Exercise aim —
Could you print the stretch of lines below from the one with "Flower, light-blue, dark, 1080x2160" through the one with "Men's Rose Shiny", exactly as they stand and without any pictures?

Records for processing —
##########

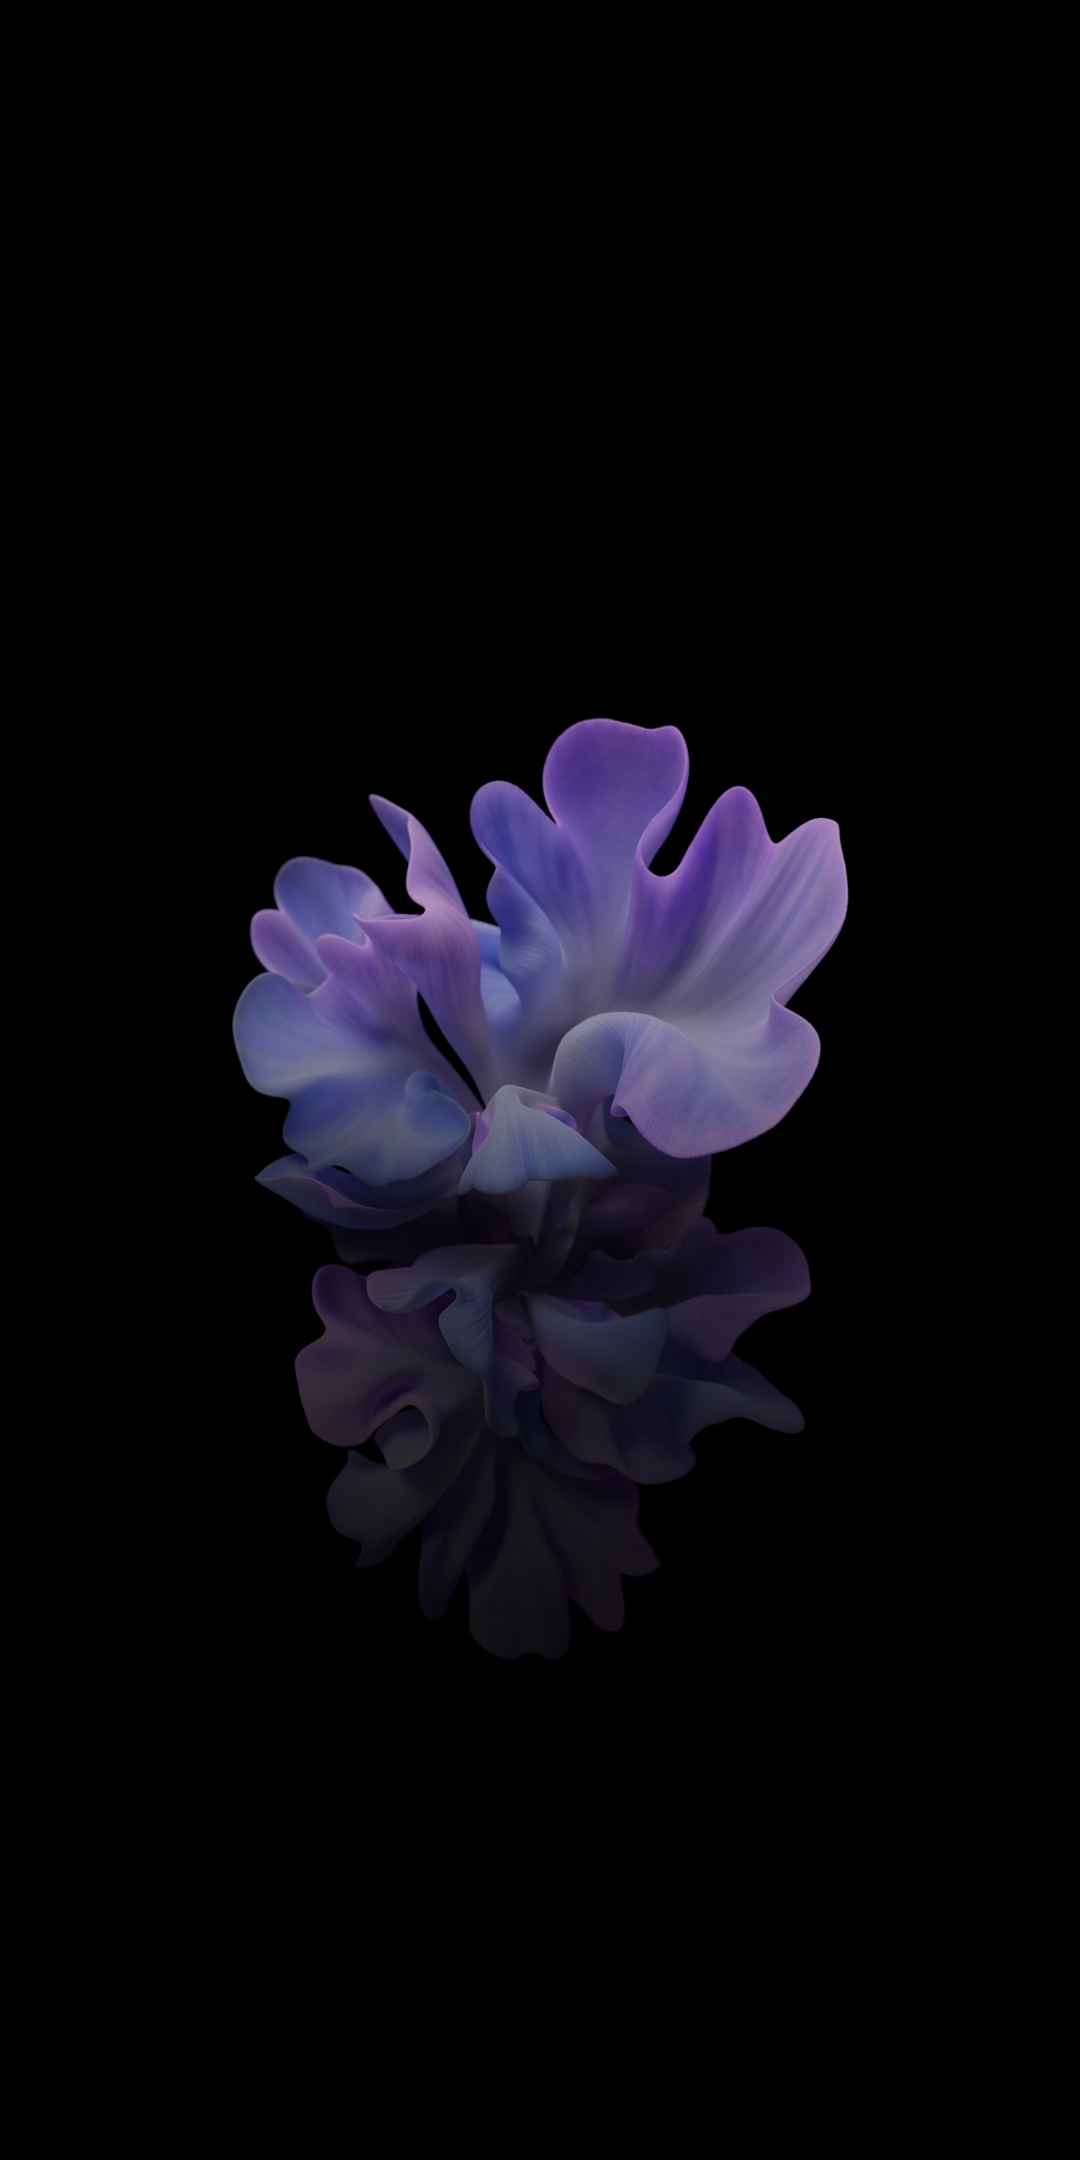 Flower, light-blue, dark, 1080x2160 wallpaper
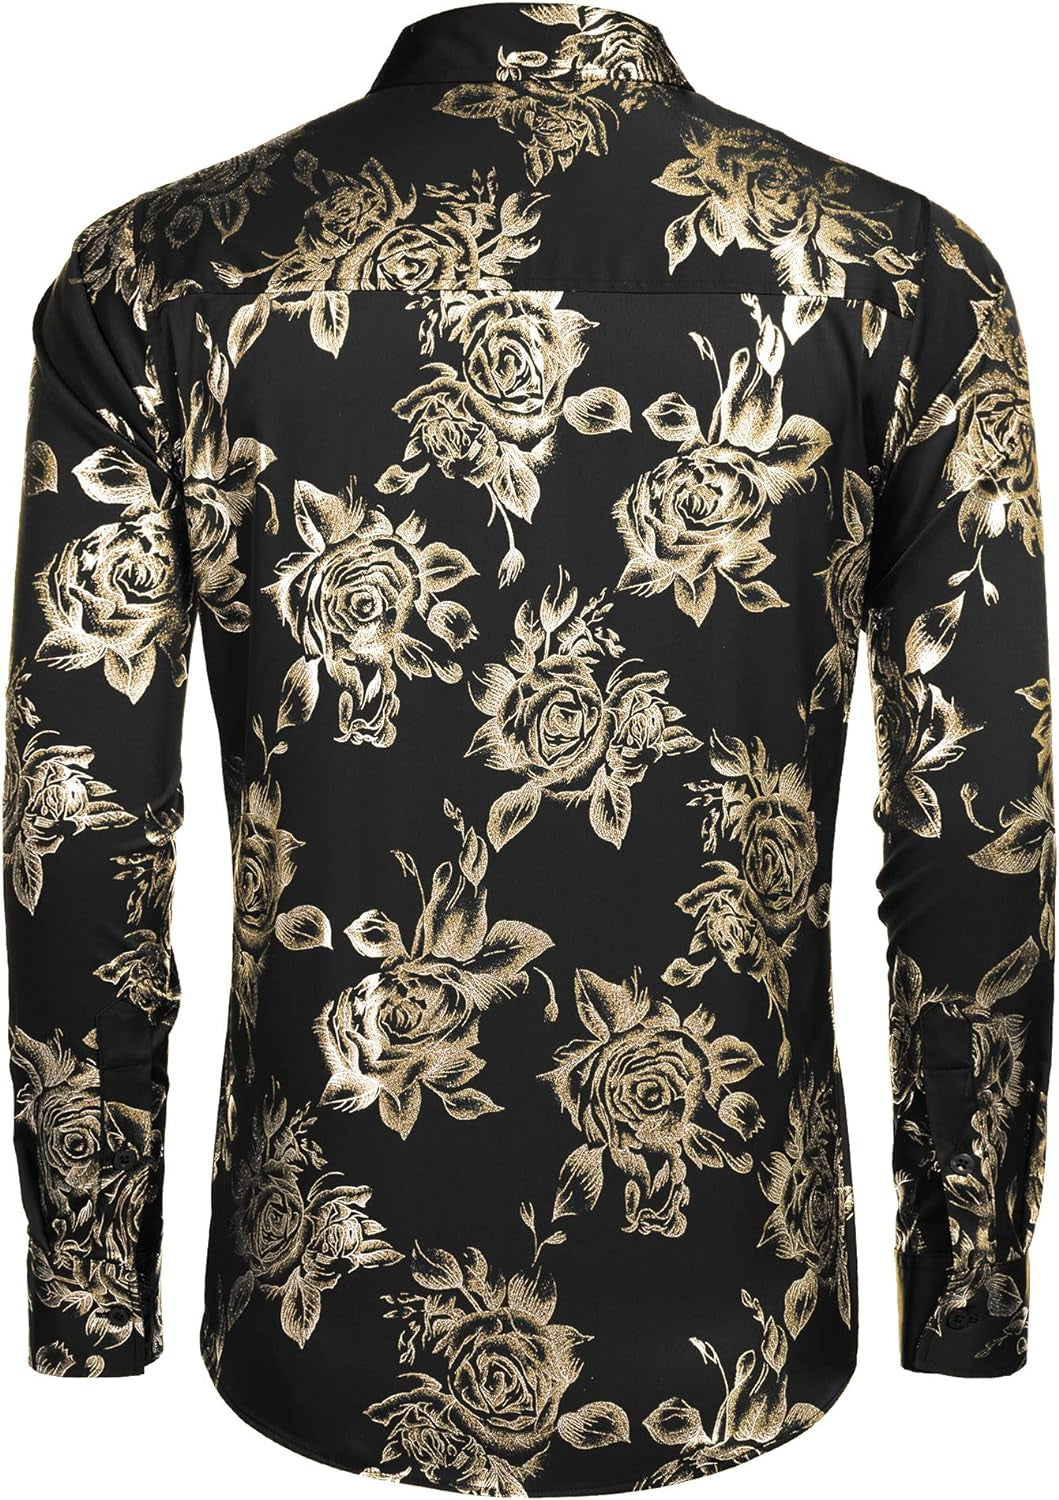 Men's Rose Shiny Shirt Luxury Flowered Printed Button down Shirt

##########

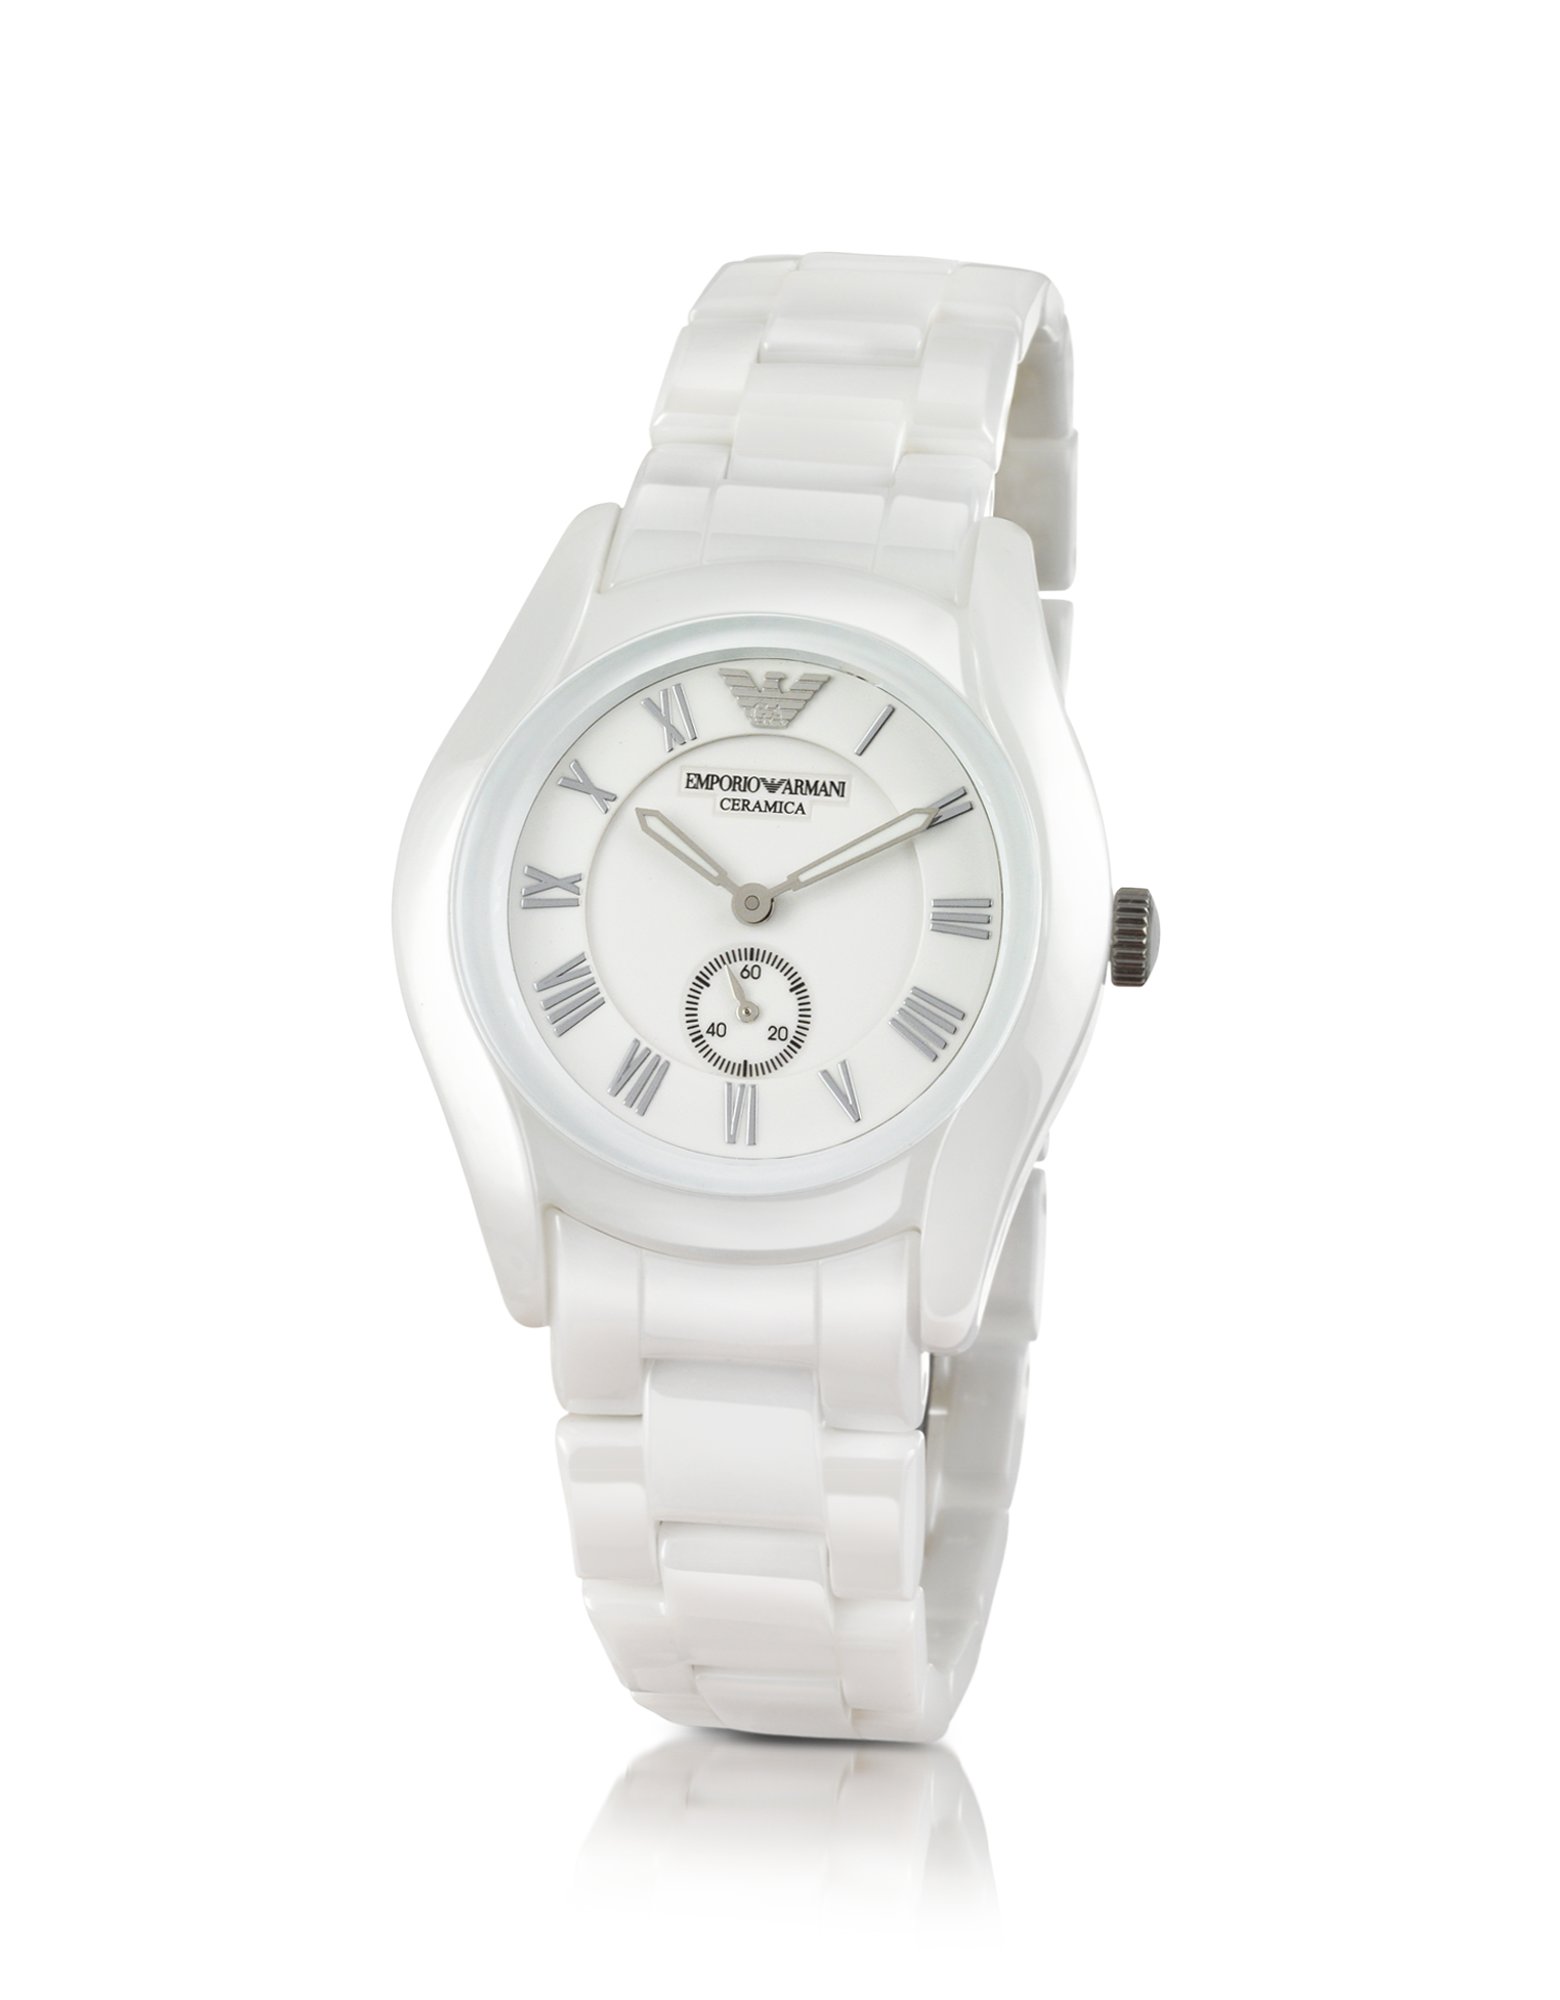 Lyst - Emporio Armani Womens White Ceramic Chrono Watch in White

##########

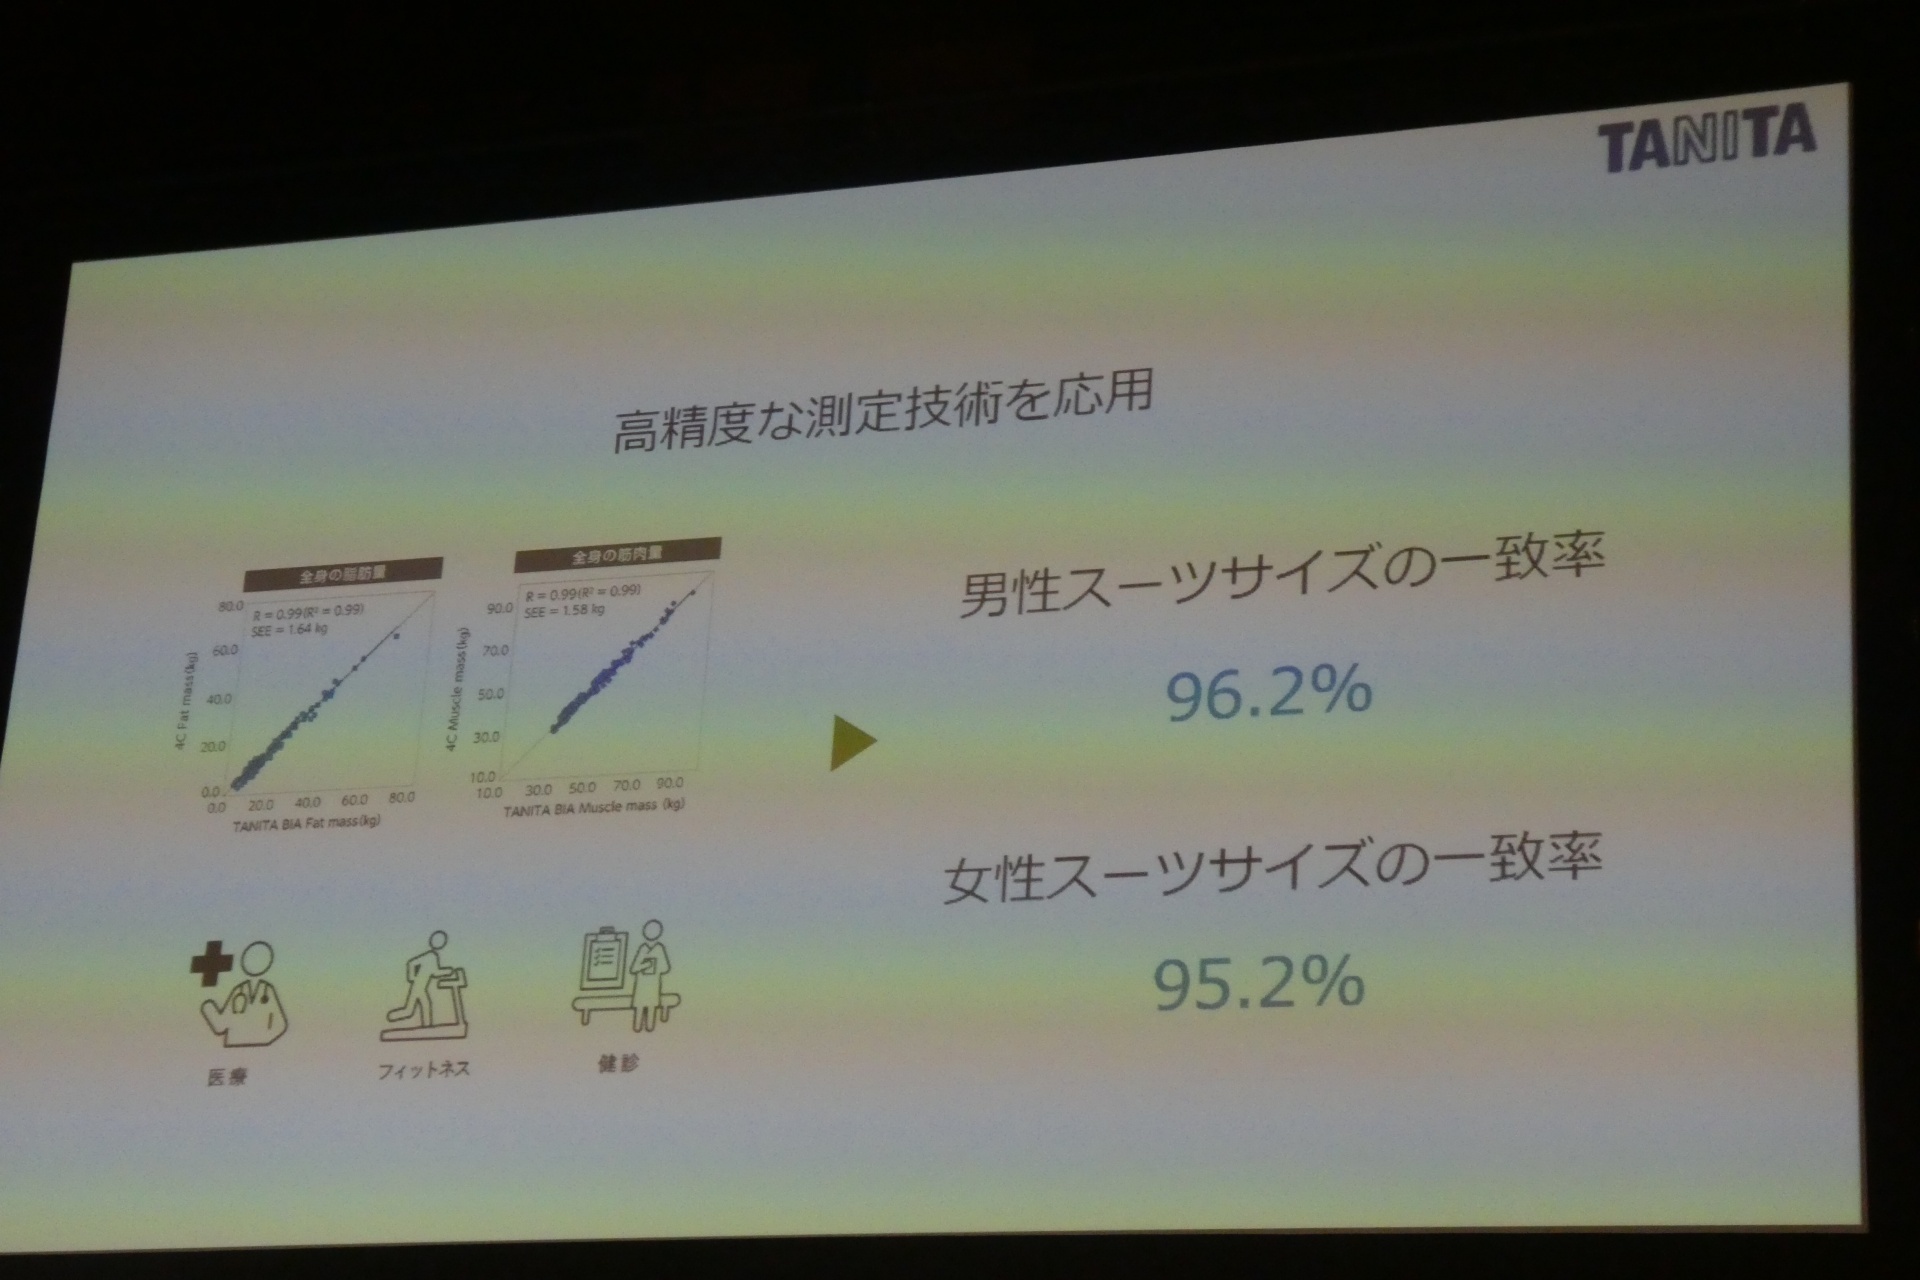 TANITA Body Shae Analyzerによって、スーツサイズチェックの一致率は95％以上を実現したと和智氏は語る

##########

Response to this task —
 Flower, light-blue, dark, 1080x2160 wallpaper
 Men's Rose Shiny Shirt Luxury Flowered Printed Button down Shirt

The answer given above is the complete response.